Jo’s voice — or was it her own? He’s done exactly what he’s done to make you stay: nothing.

“Are you okay?”

“Yes,” she said automatically. “I was just remembering something I forgot to do.”

“I’ve been jawing your ear off.”

“No, I was really interested. Money is a tricky subject.” How could she explain that she made very few of the decisions about how they would spend their earnings, that is, when they spent it on anything other than the basics. Her savings account was substantial. She was putting money down on the mortgage over and above the payment to pay it off sooner. That was just common sense when they could afford it. It occurred to her, now that she had to face some sobering realities, that she had not cared at the time that her name wasn’t on the title to the house. Fine. Clay’s name wasn’t on her savings account.

God, she thought again. Is it going to come down to this? Am I this petty? When did I get this angry?

Tish dropped off their check and Tori scooped it up.

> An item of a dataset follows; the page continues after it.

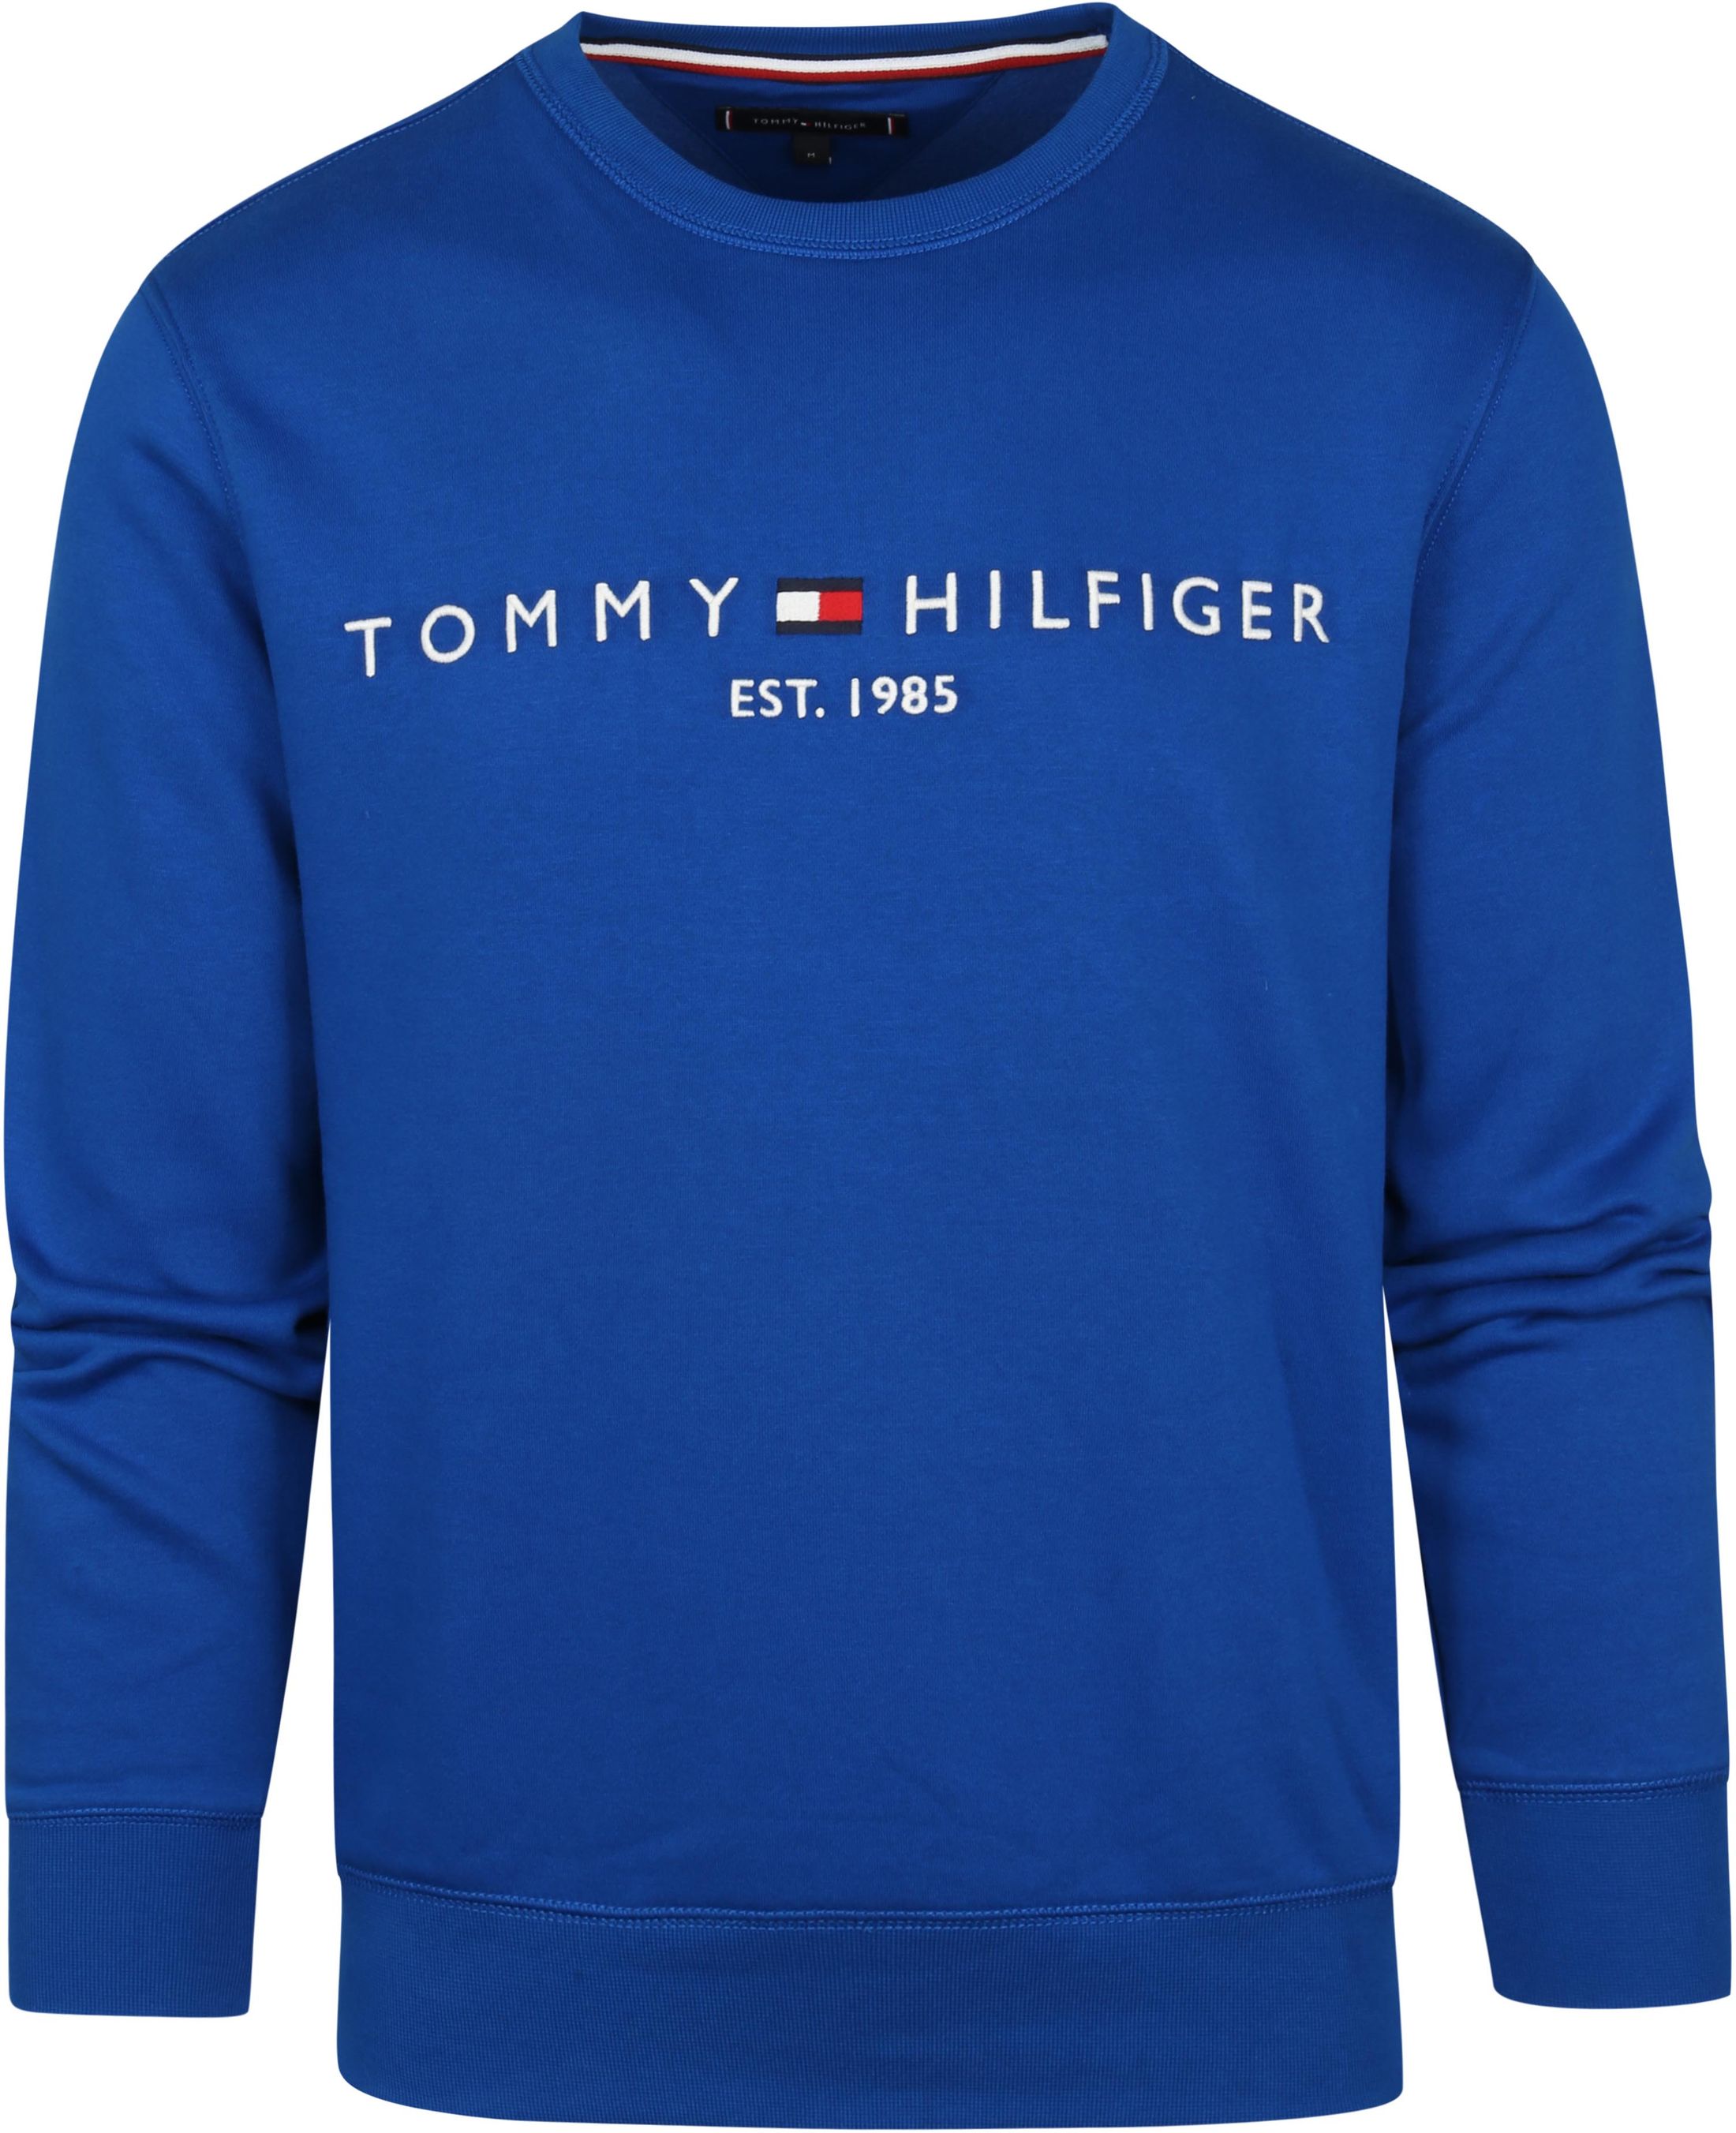 Tommy Hilfiger Sweater Logo Mid Blue size L

“Let me, please. As a thank you for what you did yesterday.”

“You don’t have—”

“I know. But I want to.”

Holly hesitated, then said, “Next time I’ll buy.”

Tori smiled brightly. “It’s a deal.”

Tish had lingered after delivering the check. “I really could use the extra hands, sweets, if you were serious.”

“I was,” Tori said. “You know I’d scrub pots for a week for you.”

“In that case, I’ll take care of the check.” Tish snapped the paper from Tori’s hand.

Tori muttered, “Just keep me away from Murphy.”

“I did try, but you were deep in your cups at the time.”

Tori laughed at that. “Okay, let me rephrase. Keep Murphy away from me unless you want a homicide on the premises.”

“She’s about ready to leave,” Tish said. “I’m sure she has to get her beauty sleep before she goes to Jack’s tonight.”

“I was thinking about asking Geena if she wanted to dance the night away, since it’s the first Friday of the month. But you think Murphy will be there, huh?”

“Yeah, when isn’t she? I’m going to work your butt off—you’ll deserve a night on the town.”

“Jack’s is not exactly the Ritz.” Tori turned to Holly. “It’s the nearest gay bar and on first Fridays they have Ladies’ Night. It’s pretty much a dive, but it beats fighting traffic all the way to West Hollywood or Laguna Beach. Though the bar where Melissa Etheridge used to play is very nice.”

“You should treat yourself to whatever you want,” Holly advised. “I have to be in Ventura by eight.”

Tori glanced at her watch. “You have to leave by, what, three? You’d better hit the road.”

“Fortunately it won’t take me long to get ready.”